The EF-S 55-250mm STM with the M5 adapter is far, far sharper than the EF-M 55-200mm.


----------



## Random Orbits (Jan 13, 2019)

I tried the R + 1.4x III + 100-400 II earlier this morning when deer were crossing the back yard near sunrise. ISO 12800, 560mm, f/8, 1/100s. There is a lot of noise at that ISO, but the camera had no hesitation focusing on the deer through the branches or when I focused on something far, near, far, near. The combo is slower due to the smaller max aperture as it would be on a DSLR, but focus was good on the R.


----------



## Random Orbits (Jan 13, 2019)

R + 2x III + 100-400 II. AF is slower than R + 1.4x III + 100-400 II or bare lens, but that is expected. Both are at 800mm. The vertical is at 800mm and cropped slightly. ISO 1000, 800mm, f/11, 1/640s. The horizontal is uncropped, ISO 1600, 800mm, f/11, 1/640s.


----------



## digigal (Jan 14, 2019)

I received the R this weekend and had a chance to play with setting up all the various buttons and MFn bar. I'm looking as this camera to be my second camera for all my non high speed wild life shooting, and "other" photography. Yesterday I spent some time trying to see if it could function as an emergency b/u if my 7DMII "died" while I was in the wilds of somewhere. Hand holding the R with the 100-400 II + 1.4 TC was no problem and it performed quickly. My missed focus shots were probably because of lack of contrast to focus on and lack of ability to move the focus point quickly manually without the nubbin on a quickly foraging bird. I'm still working on how to do that with the MFn bar. 
I like the R because of the potential customization for shooting. I think it's a camera that you have to work with to get it tweaked just for you but I can see how that might be possible. Don't know if I'll be able to do that in a week.
These are a couple of shots yesterday with the R + 100-400 II + 1.4 TC straight out of camera--misses in focus mainly because I couldn't move focus point to where I wanted it in a timely fashion while the bird was foraging. Some lack of sharpness may also due to my using too slow a shutter speed of 500 for the constantly moving bird and shooting and 560 mm handheld.
First picture show good focus across bird that is parallel to sensor but second shows eye out of focus but feathers on body sharp because I was unable to move sensor to directly over the eye with the scrolling wheel before the bird moved. These are resized images because I couldn't post the full sized originals. They are out of the camera with NO adjustments.
The third picture I posted was one taken with the R = 100-400II+1.4 indoors at night of my African Grey at 25,000 ISO!! Again untouched and out of camera. Not just totally awful and potentially salvageable 
Catherine


----------



## Mt Spokane Photography (Jan 15, 2019)

I've had deer hanging out around our place all day, about 100 yards away, so when it began to get dark tonight, I put on my 100-400 and took my R outside. No deer to be seen, but I did try focusing on various things, and on a dark brown llama in my field, I had a problem focusing, then I realized that I had inadvertently put the AF point on the far corner of the screen. I recentered it, and AF was fast, But I did not take a photo. By that time, it was getting pretty dark fast, so I pointed at the moon with spot AF and spot exposure. It locked on immediately, and as I waited the 1-2 sec for IS to lock on, the exposure corrected to what looked reasonable, so I thought that was a surprise, I usually use manual exposure on the moon. I took a few handheld shots which weren't bad, considering handheld and a relatively slow shutter speed with the lens at max aperture.
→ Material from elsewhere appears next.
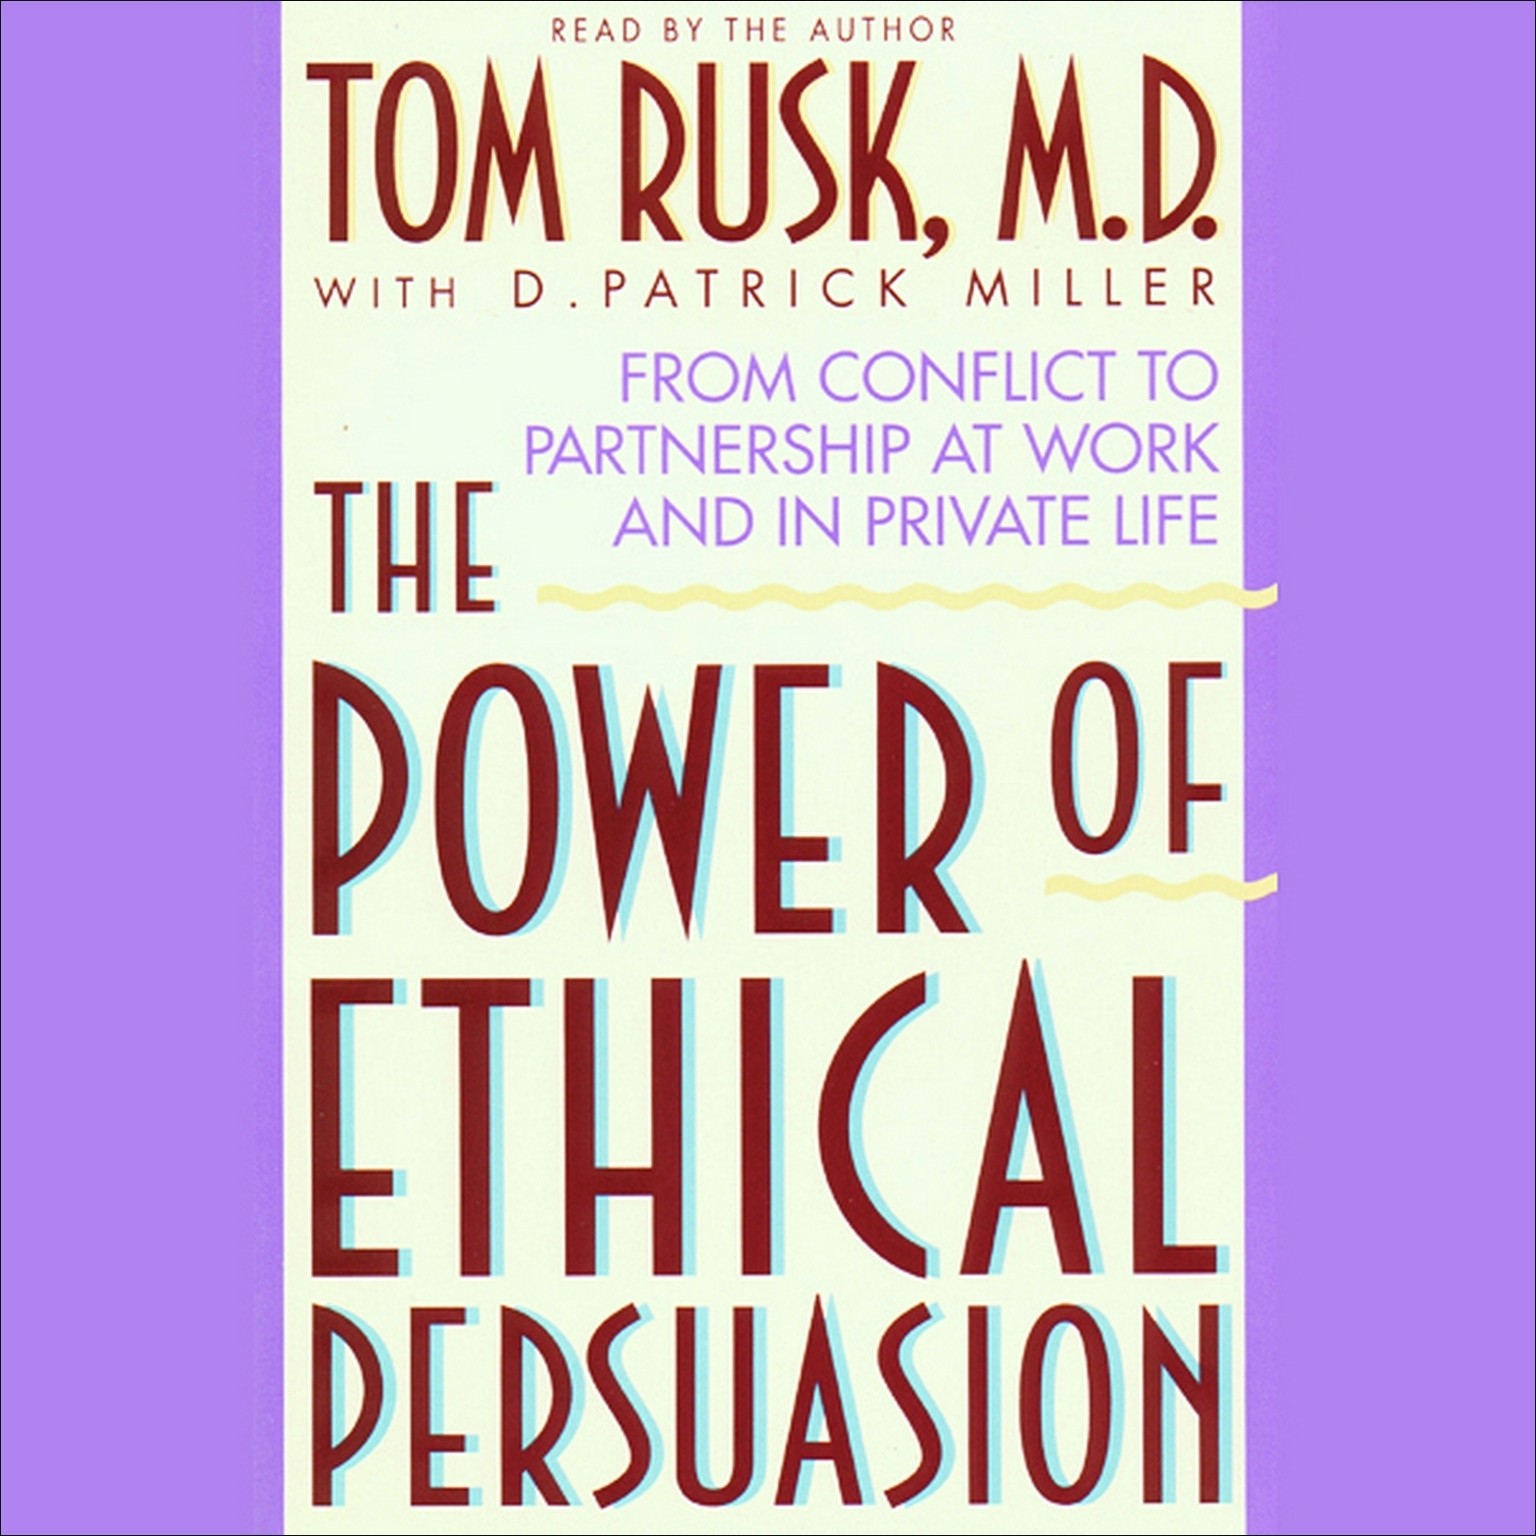 The Power of Ethical Persuasion (Abridged): From Conflict to Partnership at Work and in Private Life Audiobook, by Tom Rusk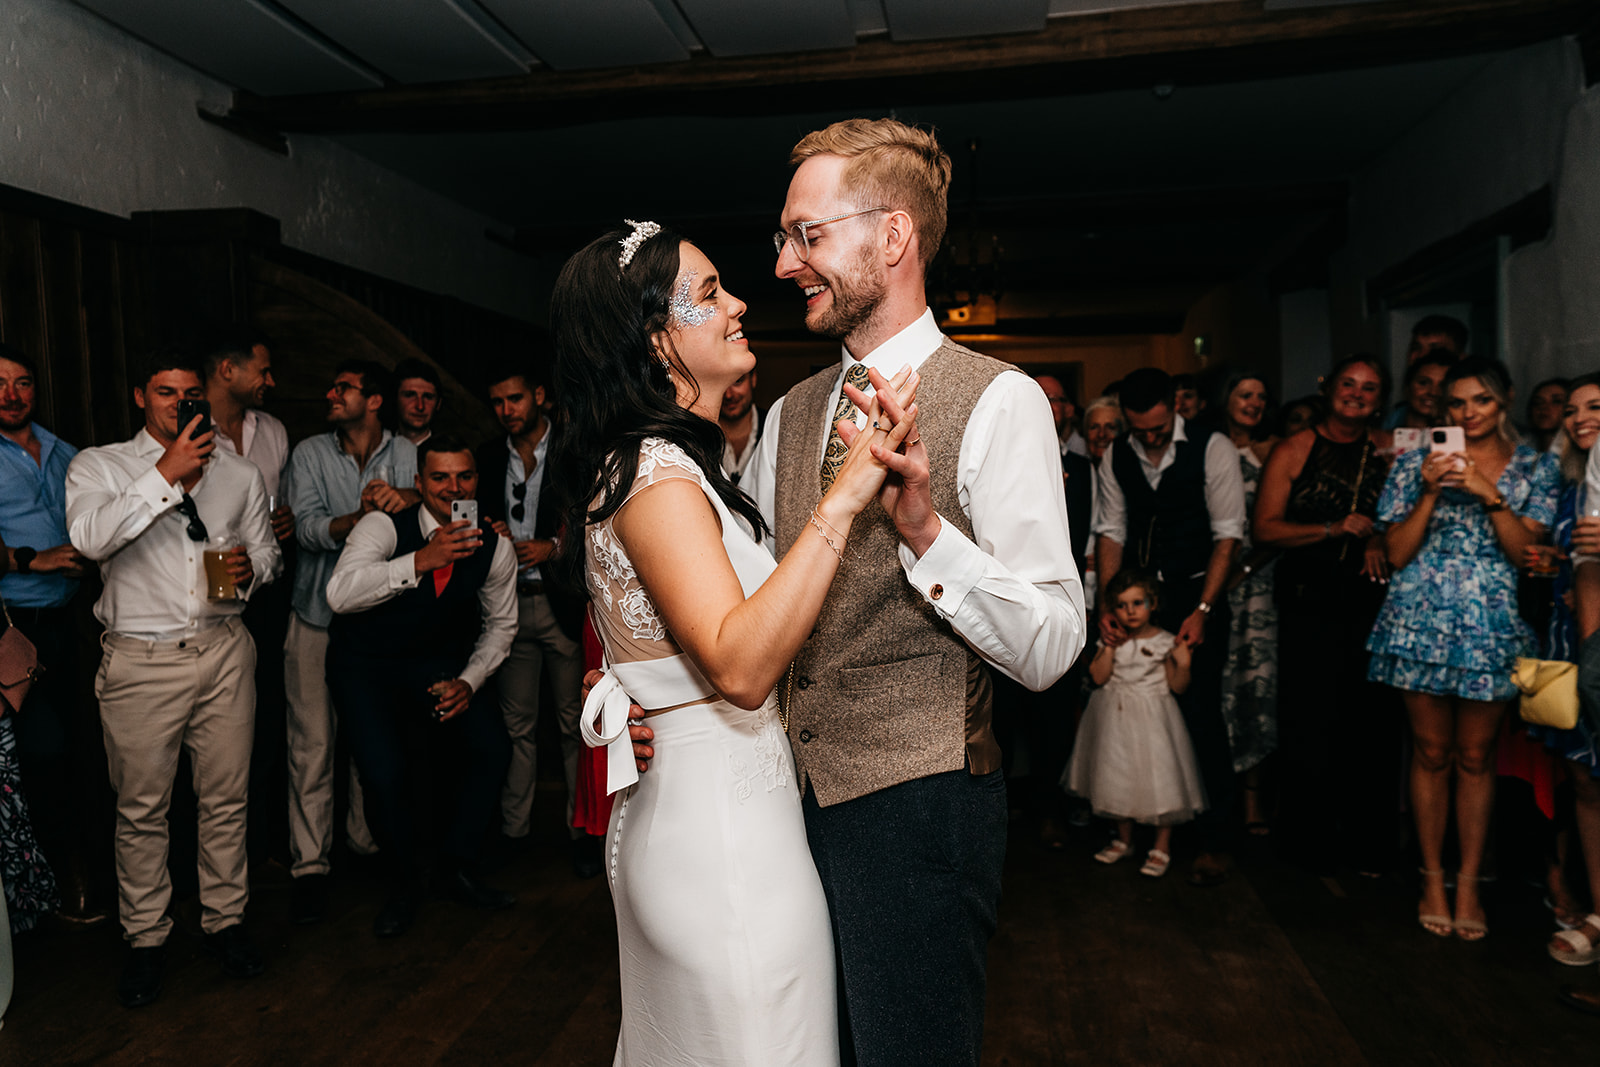 we filmed and photographed the bride and grooms first dance

Then, I focused at a TV transmitter building on top of Mt Spokane 7.5 miles away, that focused fine, and contrast was low. As it got darker, I focused on more distant objects until it reached ISO 40,000. Even then, AF was fine, but a bit slower. No hunting.

Finally, I tried a MFD object, and it seemed to take forever to rack in to focus on a deck railing 5-7 ft away. Then, it focused fast and accurately on a object close to a mile distant with no hunting, and nearly dark by then. The bottom hay wagon was at 1/100 sec, f/5.6, ISO 40,000, over 100 yards away.


----------



## Mt Spokane Photography (Jan 15, 2019)




----------



## digigal (Jan 16, 2019)

Thanks, Mt S. That's what I've found too, that there will be some unexpected difficulty with focusing on objects that I would think it should not have any difficulty with. I I finally decided that part of that was due to the fact i was using the single point focus and when it got off my subject it was just so "lost in the woods" I would have to manually focus to get it back on track to the subject I was focusing on. I couldn't use the focus limiter because the subject was fairly close. 
Catherine


----------